2 Answers from Attorneys
Re: Inheritance
The son, or whoever is the executor or administrator of the estate, will have to pay the father's debts. Does Dad have a living trust, or at least a will? Not having a living trust will cost thousands of dollars in probate costs and attorney fees. Not having even a will costs even more.
Re: Inheritance
The father's debts will become claims against the estate when he dies. The executor, administrator or if none the heirs themselves must pay the debts before they are entitled to the assets of the estate.
News of a person's death is available because a death certificate will be recorded by someone - the attending physician, mortician, coroner, executor, etc. - and that becomes a public record. Credit card companies and credit bureaus pick up computerized abstracts of death certificate filings and check them against their other records. If not, the Social Security Administration will find out - presumably you would notify them rather than going to prison for letting Social Security payments go on forever?

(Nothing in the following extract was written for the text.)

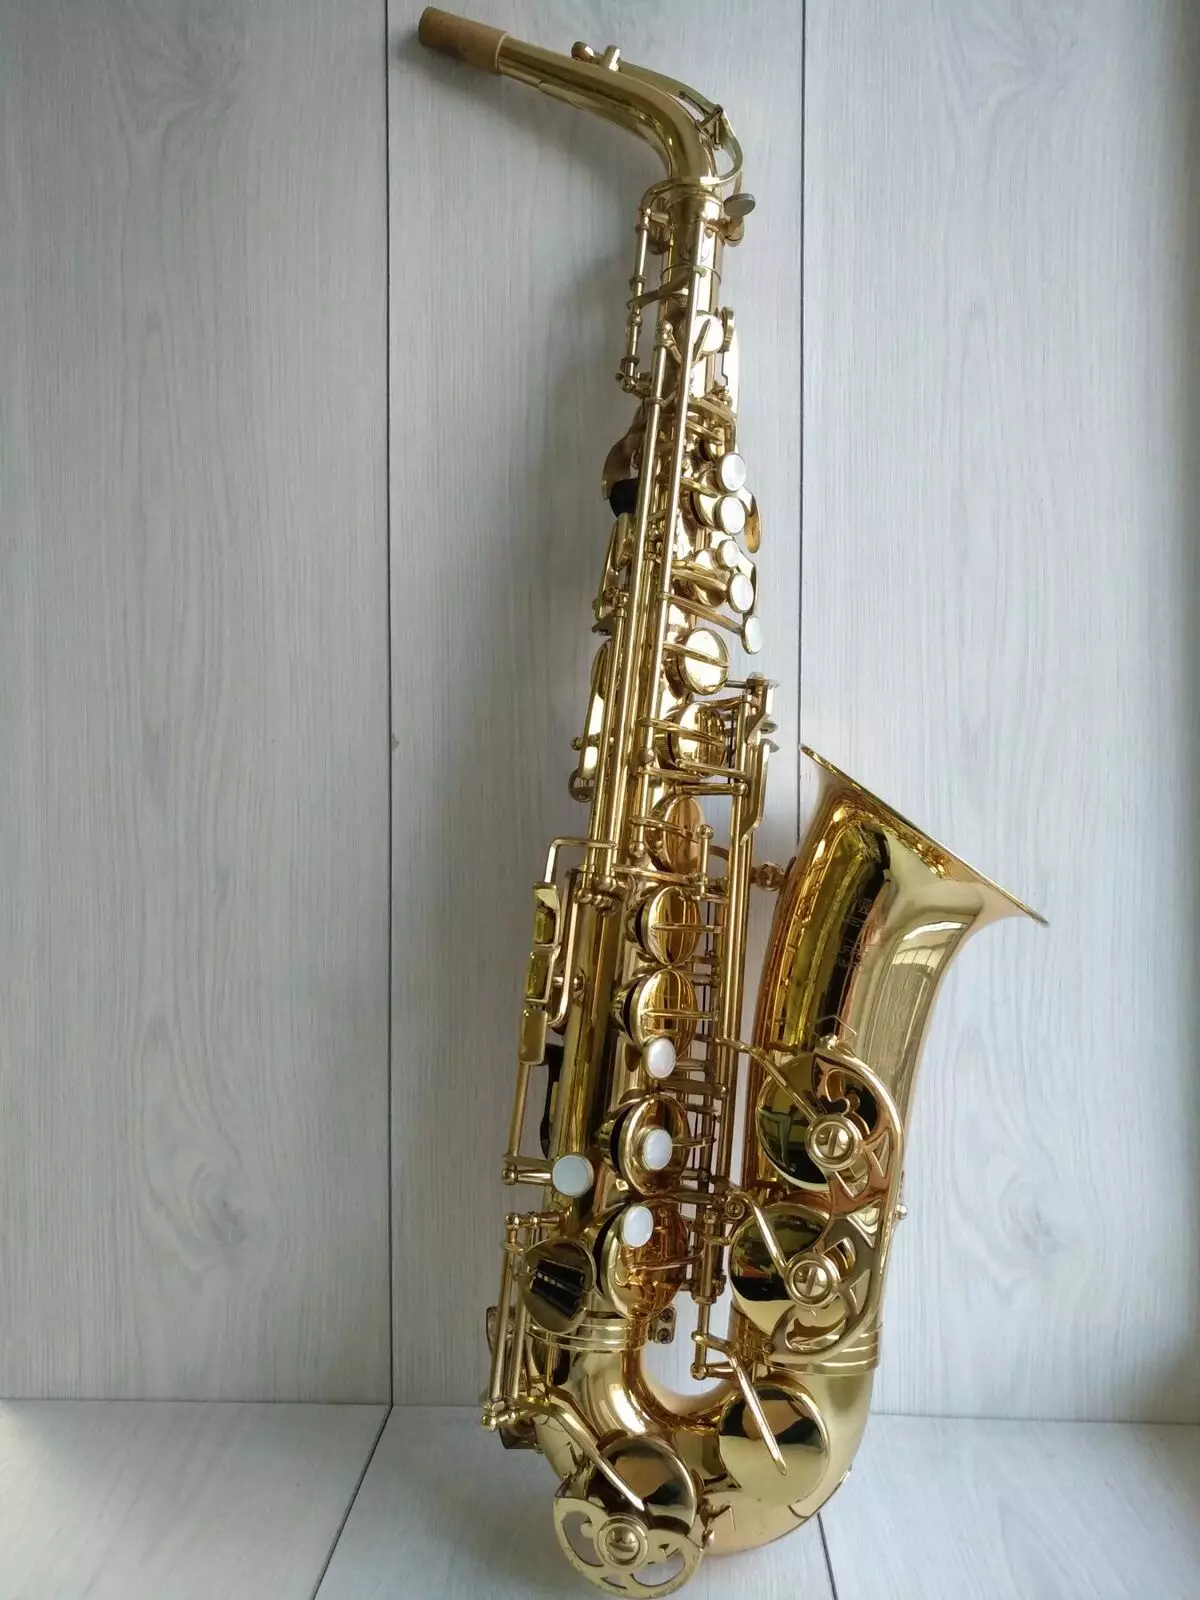 Saxophone (49 فوٹو): یہ کیا ہے؟ کرایہ اور سوپرانو، بارٹون اور دیگر پرجاتیوں، کینوں اور گدھے کا انتخاب. یہ کیا نظر آتا ہے اور یہ کیسے لگتا ہے؟ 25581_47

Also, anyone dealing with the property of an estate is going to get asked for a certified copy of the death certificate everywhere they turn, for example, in closing out bank accounts, trying to sell or re-title real estate, etc.
The sooner you pay off the high-interest credit cards, the better for you. I can assure you the interest rate doesn't go down when the primary cardholder dies. They will find you, and if you are committing fraud by hiding from them, the statute of limitations may be tolled during that time.